In previous posts, I’ve talked about the importance of naming to make it easier for whoever maintains the code. One thing I’ve left out is the importance of not misusing standard names.
Naming Fail
In a previous position, I was manipulating a collection of data, when I hit a bug. After running some new code, the collection was a couple of items shorter than it had been. After quite a bit of troubleshooting, I tracked the problem to a method on the collection object named sort
. I was somewhat surprised to find that this method removed items from the container while sorting. In fact, this was such a surprising result, that I didn’t even check for it during most of the troubleshooting. What I discovered was that sort
didn’t just sort the collection, it also removed duplicates.

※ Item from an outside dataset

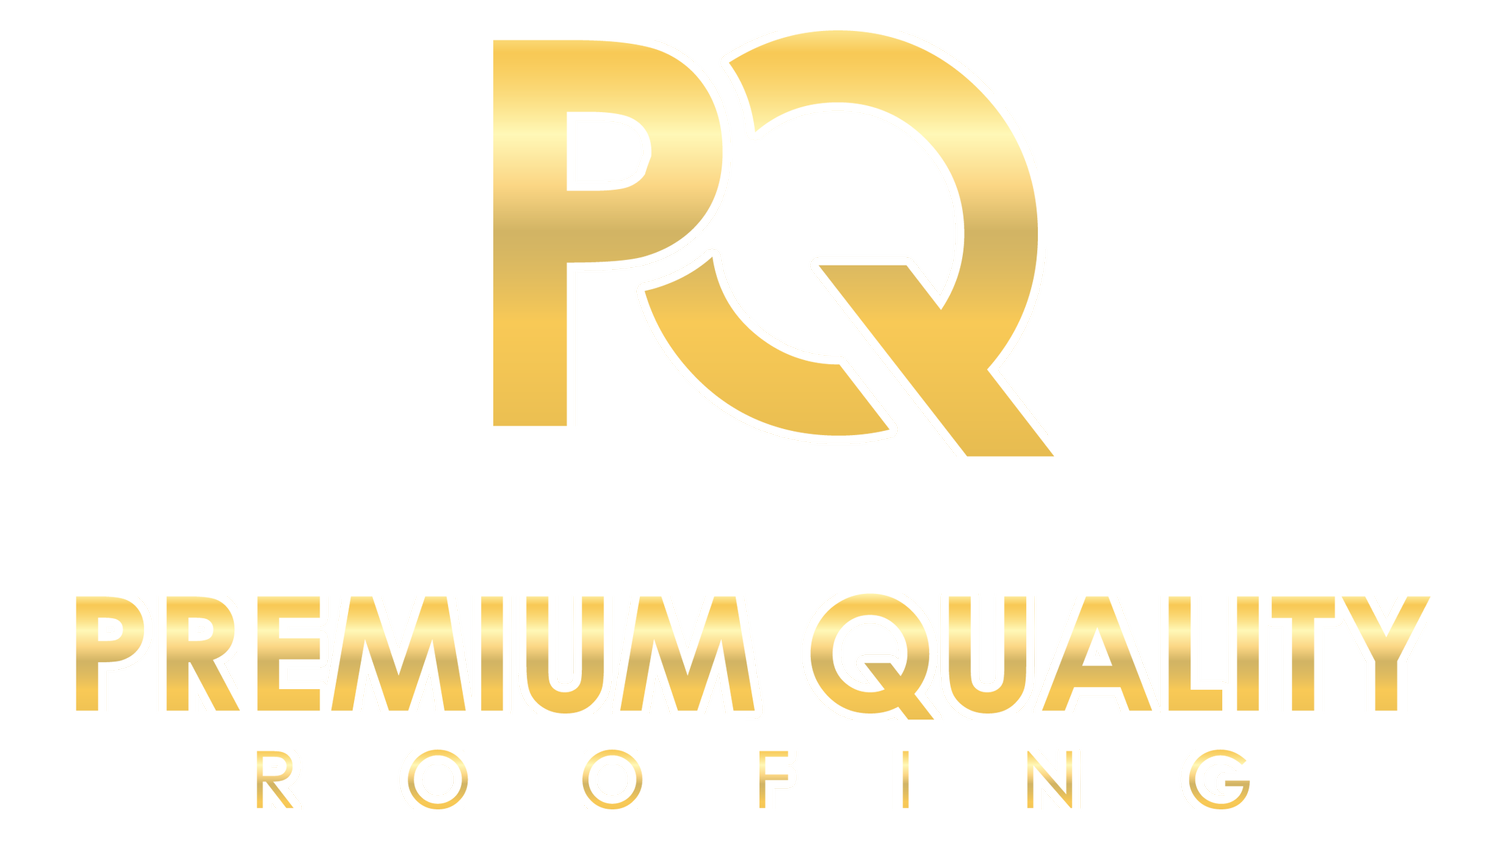 Premium Quality Roofing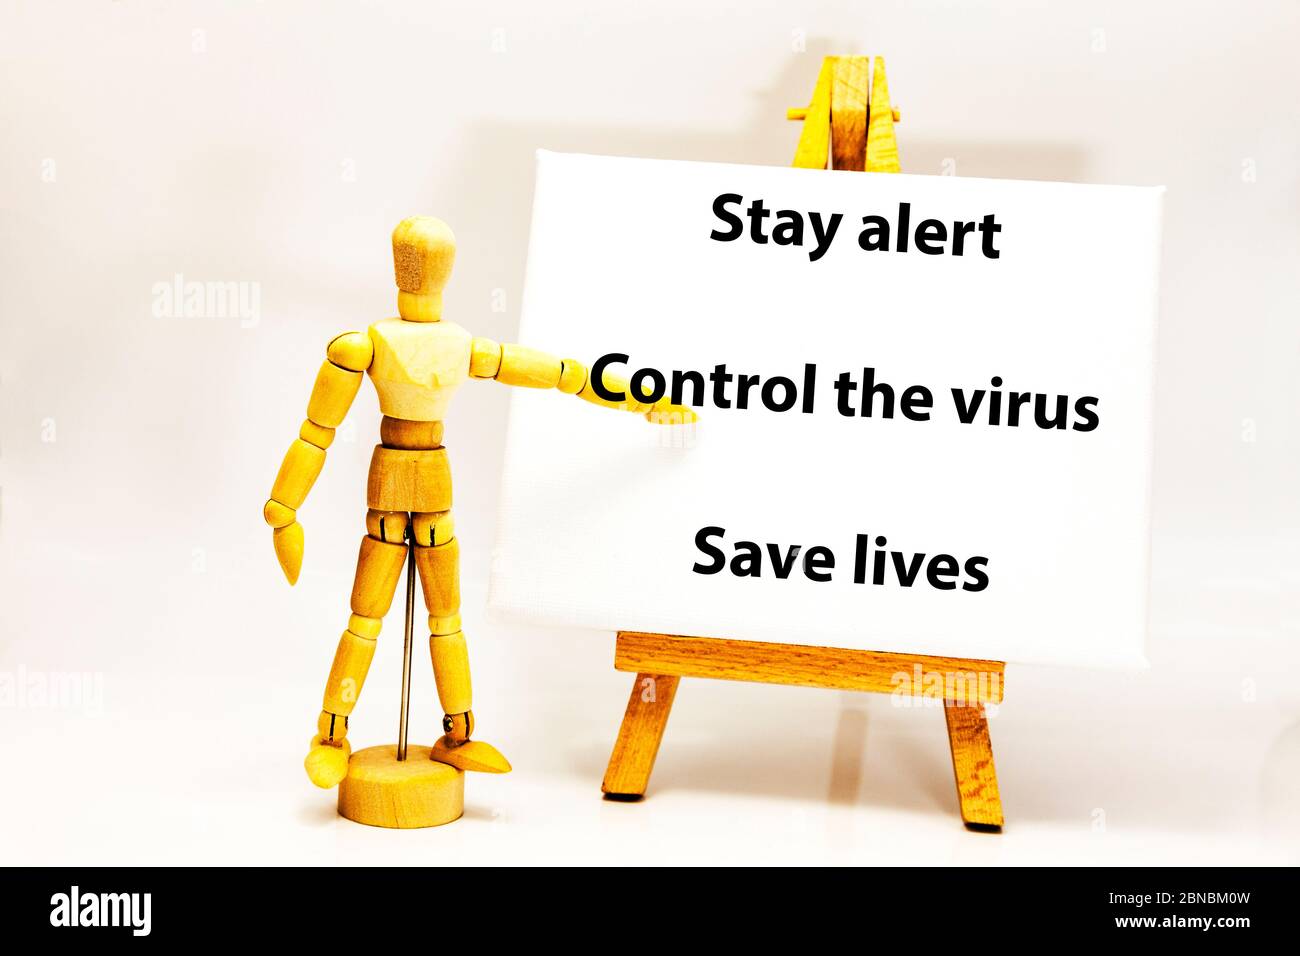 New Government Covid19 slogan, Stay Alert, Control the Virus, Save lives, coronavirus slogan, slogan, mantra, government mantra, sign, concept, Stock Photo

Unfortunately, this violates the Principle of Least Surprise. Every (other) sort algorithm I have ever seen has taken a list or array and returned another with the following properties:
- Contained only elements from the original
- Contains all elements from the original
- Are ordered based on the supplied comparison
Since generating a unique sorted list is useful, many libraries have some form of uniq
method. In a few cases, you might find a combined method or an option that can be supplied to the sort function. (An example would be the -u
options for the Unix sort
utility.)
Better Name
In the example, the method did exactly what it was designed to do. The original programmer even argued that we were never going to want the container to have duplicates in this system. So having a sort
that didn’t remove duplicates was useless. (I also argued that we should have avoided inserting duplicates into the container, if there should never be duplicates.) Although he had a point, the name is still wrong. The method should have been called sort_and_uniq()
or unique_sort()
or even sort_u()
. Any other name would have served as a warning to any maintainer that the method does more than just sort.
Using the name sort
in that case is a bad name, because it violates the expectations of the maintenance programmers.